Economic value is created in a city through integrating different forms of capital that are all involved in city building:
Figure 1. Economic value creation through integration of financial, social and political capital.
· Financial capital is necessary to build anything in a city; this depends on a range of technical assessments of how well the infrastructure will be used and what kind of demand there is for the urban development. This financial capital depends on risk assessment and demand evaluation which are also associated with social capital.
· Social capital comes from communities that develop trust in an urban development because they see it meets their needs and they recognize the risk if they don’t have the new infrastructure and urban development. Social capital provides the ethical value and third-party political validation necessary for the difficult process of urban regeneration.
· Political capital is about the system of government which provides the settings and processes that either encourage or discourage the infrastructure and urban development. The political capital is a combination of the transport and town planning regulations and the way it enables the links to the other kinds of capital.
When the three kinds of capital—financial, social and political—are integrated into a partnership then the best and highest value is created. This is what we suggest is the basis of economic value and in terms of transit and TO’s it can be measured in terms of resulting flows of urban activity and agglomeration benefits as the transport itself is not a benefit unless it produces these kinds of outcomes. But such economic value depends on the three other kinds of value being integrated.
Underlying the need for investment in TFUL is the need for risk management that can enable both rail investment and urban development investment together. In both investment situations there is a need for the three sectors of private, government and community to be in partnership if the full economic value of a TFUL project is to be enabled.
Governments play the most important role in risk management in these partnerships. They need to encourage an optimal land use mix through zoning and other planning processes, and they need to provide a system of operating transit that integrates with the rest of the system and with local interchanges especially the new micro-mobility “last mile” systems. They need to do the planning for long-term project life cycle risks, and all the land assembly and statutory planning requirements of local amenity. Community is needed to ensure the TFUL provides the extra services and opportunities as well as the specific demands of local amenity as part of the bigger goals for access and new services in the TOD. Community support is ultimately the biggest part of political risk. Private sector involvement can address risk management by bringing innovation, technology, design stage efficiency, market driven land development skills, improved operational efficiency and long-term value for money through risk sharing. These skills are not readily available within government. Together, these risk management skills and processes can ensure integrated transit and TOD projects.
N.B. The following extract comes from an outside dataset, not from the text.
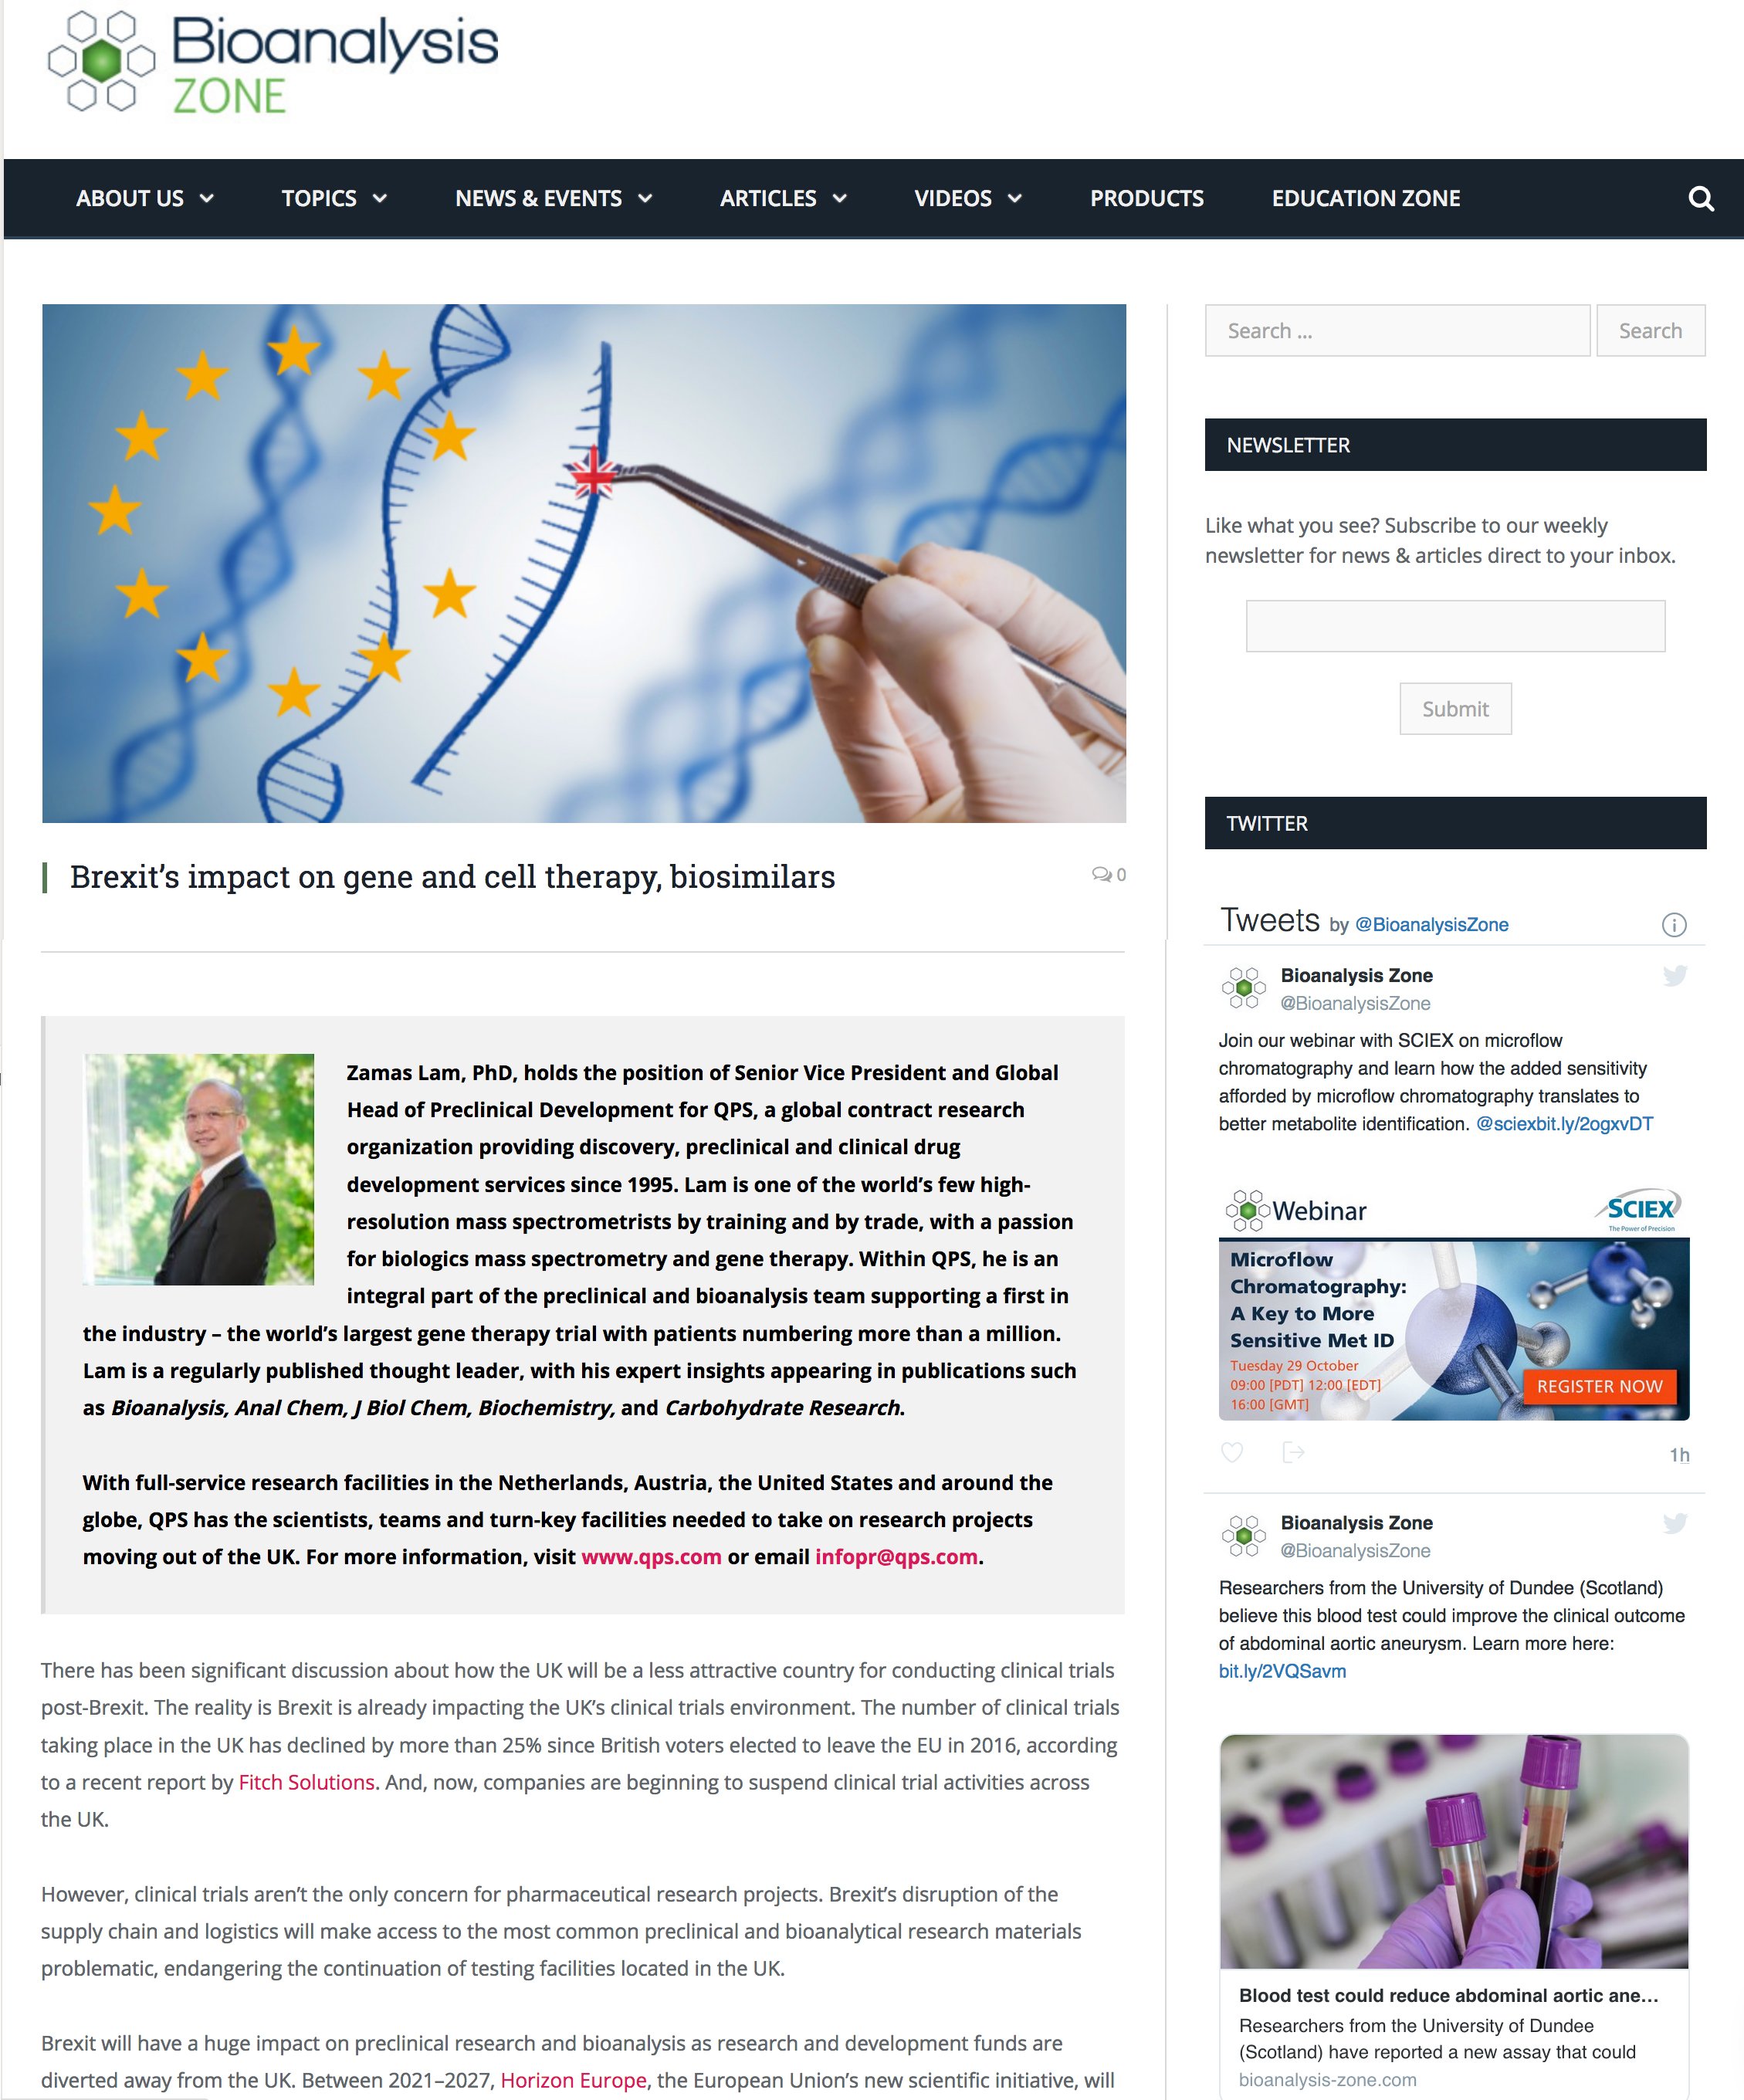 JONESblog-nov21-2019-qps-bioanalysis

Figure 2 is a qualitative explanation of sharing risk for private participation in an urban rail project life cycle. The risk appetite of the private sector is higher when it is involved from the concept/development (design) stage of the project and it decreases when the participation happens during the following stages of the life cycle. This is due to the fact that the private sector would be able to decide on technology, infrastructure, cost optimization, revenue streams and others for the project life cycle during the concept and planning stage. Private participation in urban rail projects has shown efficient exploitation of non-transport revenues such as advertisement, station area development and kiosks/shops at stations along with bringing efficiency in construction and operations when involved from the design stage. Bigger projects which depend on even more land development for private investment opportunities, require even more obvious ways of incorporating private bids on how best to do it.
Involvement of the private sector at design stages can also enhance budget predictability for government. If the private sector take more life cycle risk then it is possible to secure economies of scale (GIZ, 2013; Sakamoto, Delka, & Metschies, 2010; Sharma, Newman, & Matan, 2015; The World Bank, 2016). After the design stage, optimization of cost and revenue streams becomes limited in the construction stage and even further limits opportunities in the operational stage of urban rail if private sector involvement is delayed.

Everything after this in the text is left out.